United States District Court, D. Maine

April 7, 2015

MICHAEL KARTMAN, Plaintiff,
v.
CAROLYN W. COLVIN, Acting Commissioner of Social Security, Defendant.

AMENDED[1] RECOMMENDED DECISION ON APPLICATION FOR ATTORNEY FEES

JOHN C. NIVISON, Magistrate Judge.

Pursuant to section 206 of the Social Security Act, 42 U.S.C. § 406, counsel for Plaintiff Michael Kartman requests an award of attorney fees and expenses. Counsel maintains that he is entitled to the requested relief based on Plaintiff's success in administrative proceedings before the Administrative Law Judge following a prior remand under sentence four of 42 U.S.C. § 405(g), and based on a contingent fee agreement with Plaintiff authorizing counsel to recover twenty-five percent of past due benefits awarded through counsel's efforts. (Pl.'s Amended Motion for Award of § 406(b) Fees and Costs, ECF No. 23.) Defendant does not oppose the motion. (Response, ECF No. 24.) As explained below, the recommendation is that the Court grant the motion.

BACKGROUND

On April 19, 2012, pursuant to the Equal Access to Justice Act, 28 U.S.C. § 2412(d)(1)(A) (EAJA), following a judgment remanding the case to the Commissioner pursuant to sentence four of 42 U.S.C. § 405(g), the Court awarded Plaintiff attorney fees and costs in the amount of $690.13, (Order, ECF No. 17.)

On remand, the ALJ determined that Plaintiff was disabled and awarded Plaintiff disability benefits. Plaintiff's two dependents also received an award of past due benefits. According to Defendant, the past due benefits awarded to Plaintiff and his two dependents totaled $33, 390. However, the sum of the past due awards identified by Defendant ($28, 382, $2604, and $2604) is in fact $33, 590. (Response at 2 n.3.) During the course of administrative proceedings, pursuant to 42 U.S.C. § 406(a), Defendant separately awarded counsel fees of $4820.78. (Motion at 3; Response at 2 n.3.)
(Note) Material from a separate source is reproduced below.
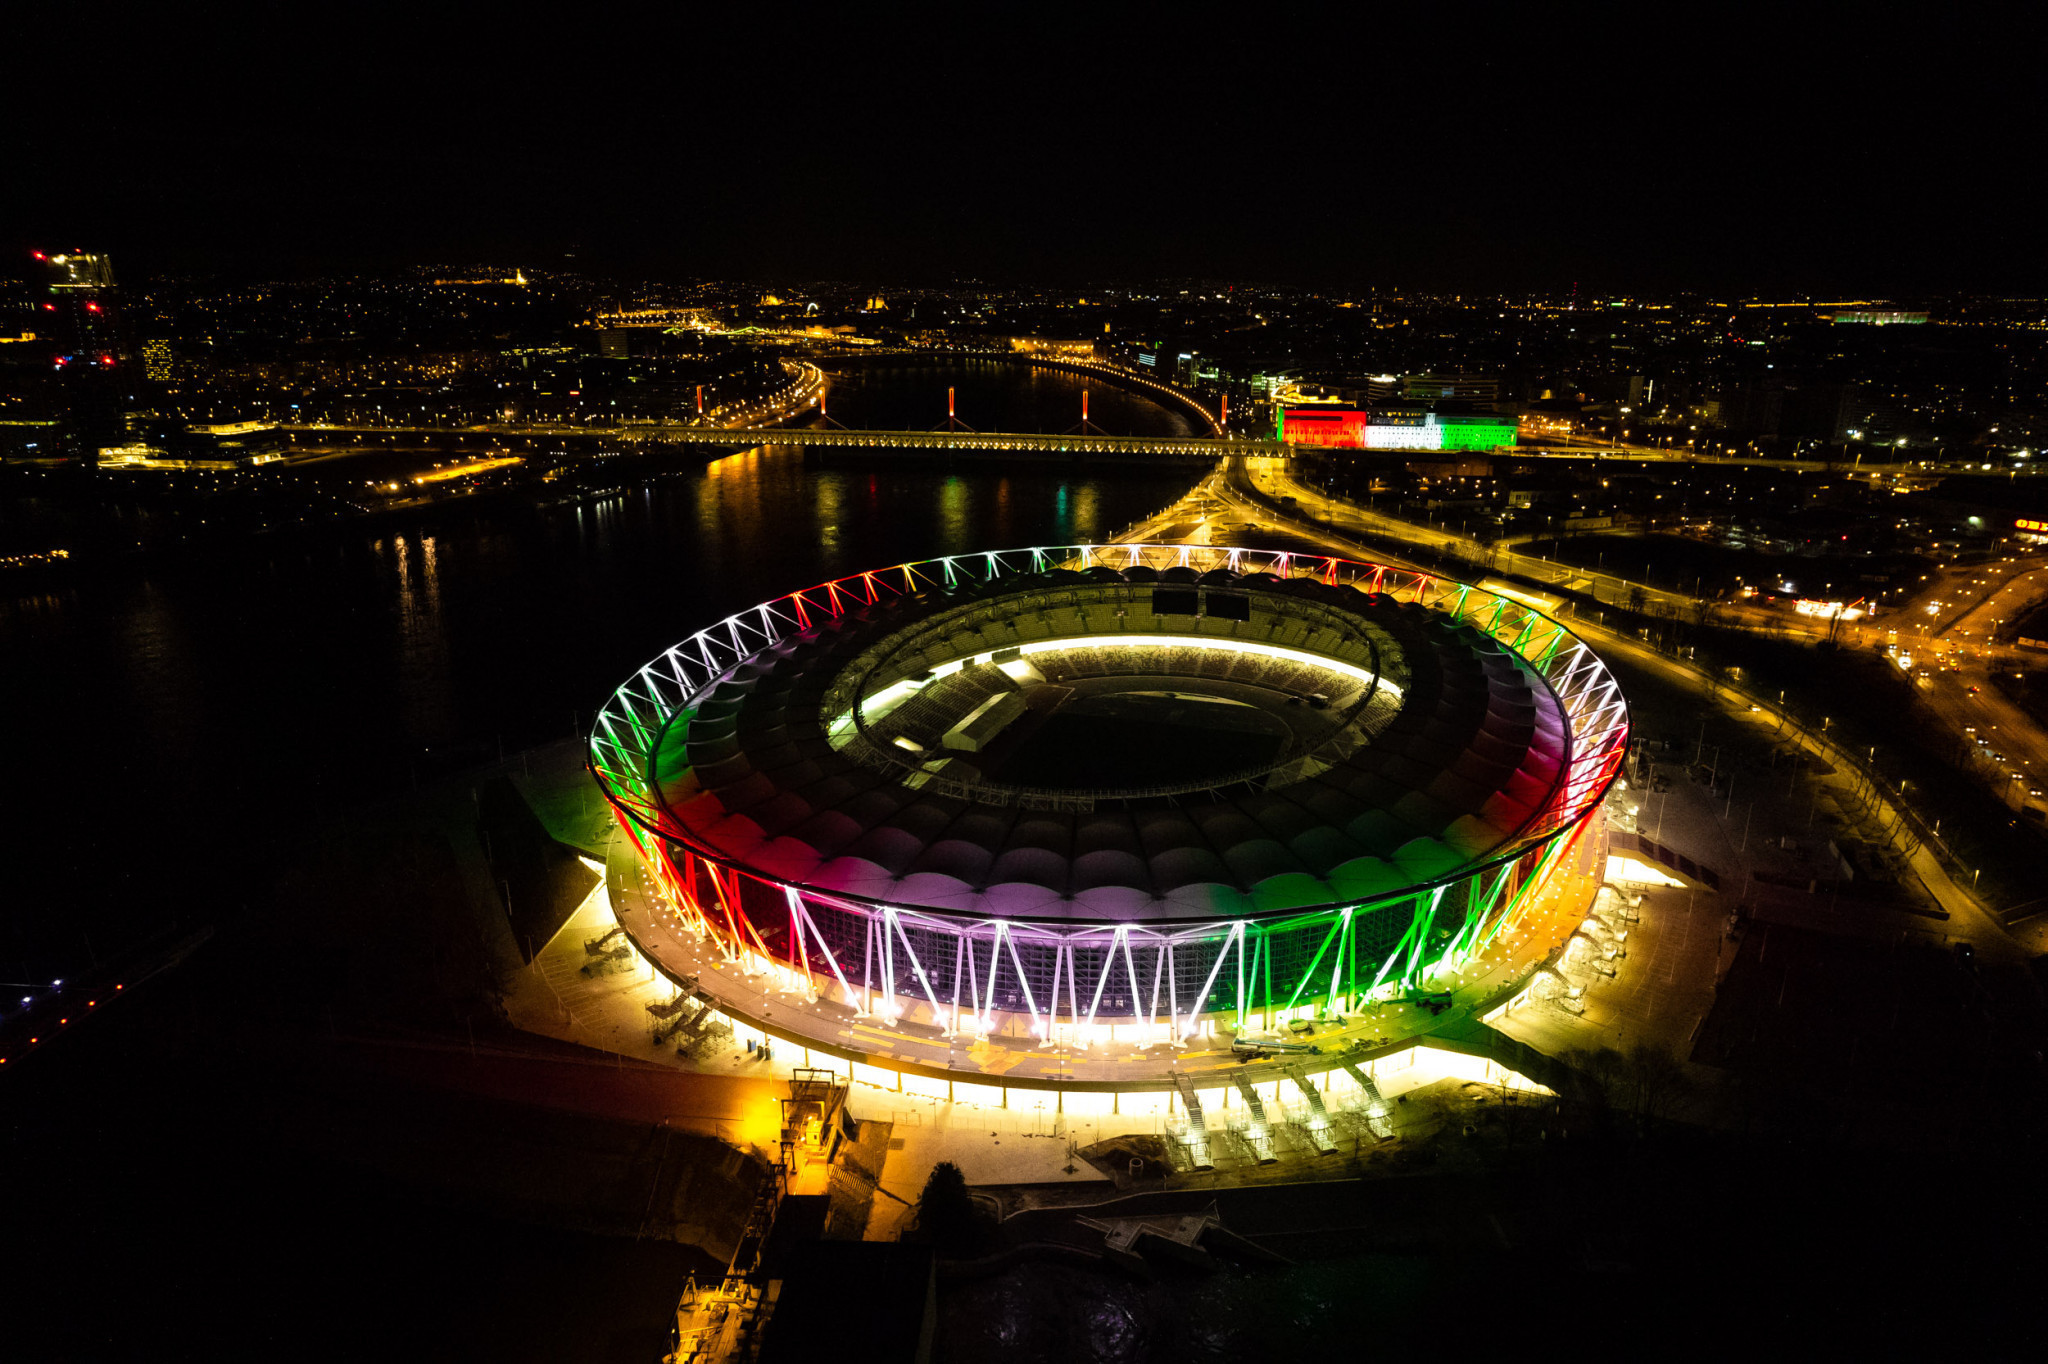 The brand new purpose-built National Athletics Centre where tickets and packages are available for 14 sessions ©Budapest 2023

Under the contingent fee agreement between Plaintiff and his counsel, subject to court approval, Plaintiff was required to pay counsel a fee equal to twenty-five percent of the total of any past due benefits awarded to Plaintiff, which benefits included any dependent's benefits. (Contingent Fee Agreement, ¶ 3.A, ECF No. 23-2.) In the event that Plaintiff did not receive an award of benefits, counsel's compensation would be as authorized by the EAJA for a remand.[2] ( Id. ¶¶ 2.H, 3.B, 4.C.)
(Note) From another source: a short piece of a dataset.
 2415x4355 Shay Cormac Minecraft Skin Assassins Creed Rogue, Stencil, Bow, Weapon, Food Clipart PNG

The itemization attached to counsel's motion reflects that counsel and a paralegal devoted 3.35 hours and 1.05 hours of time, respectively, toward obtaining the Court's 2012 judgment of remand. (Itemization, ECF No. 23-3.) Counsel specializes in disability cases and has over 30 years of experience. (Aff. of Francis Jackson ¶ 5, ECF No. 15-2.) Counsel maintains that given his experience, an hourly fee rate of more than $300 would not have been unreasonable for counsel's services in 2012.[3]

DISCUSSION

A. Legal Standard

The Social Security Act provides, in relevant part:
Whenever a court renders a judgment favorable to a claimant under this subchapter who was represented before the court by an attorney, the court may determine and allow as part of its judgment a reasonable fee for such representation, not in excess of 25 percent of the total of the past-due benefits to which the claimant is entitled by reason of such judgment, and the Commissioner of Social Security may, ... certify the amount of such fee for payment to such attorney out of, and not in addition to, the amount of such past-due benefits. In case of any such judgment, no other fee may be payable or certified for payment for such representation except as provided in this paragraph.

42 U.S.C. § 406(b)(1)(a).

"In Gisbrecht v. Barnhart, 535 U.S. 789 (2002), the Supreme Court was explicit that contingent fees up to a maximum of 25% are permitted, not disfavored, in social security cases." Siraco v. Astrue, 806 F.Supp.2d 272, 274 (D. Me. 2011). The contingent fee is the "primary means" of measuring an appropriate fee award. Id. (quoting Gisbrecht, 535 U.S. at 807). A lawyer must demonstrate that a particular award is reasonable for the services rendered. Id. Factors that would support a downward adjustment from the twenty-five percent contingent fee benchmark include issues with the character of the representation or ...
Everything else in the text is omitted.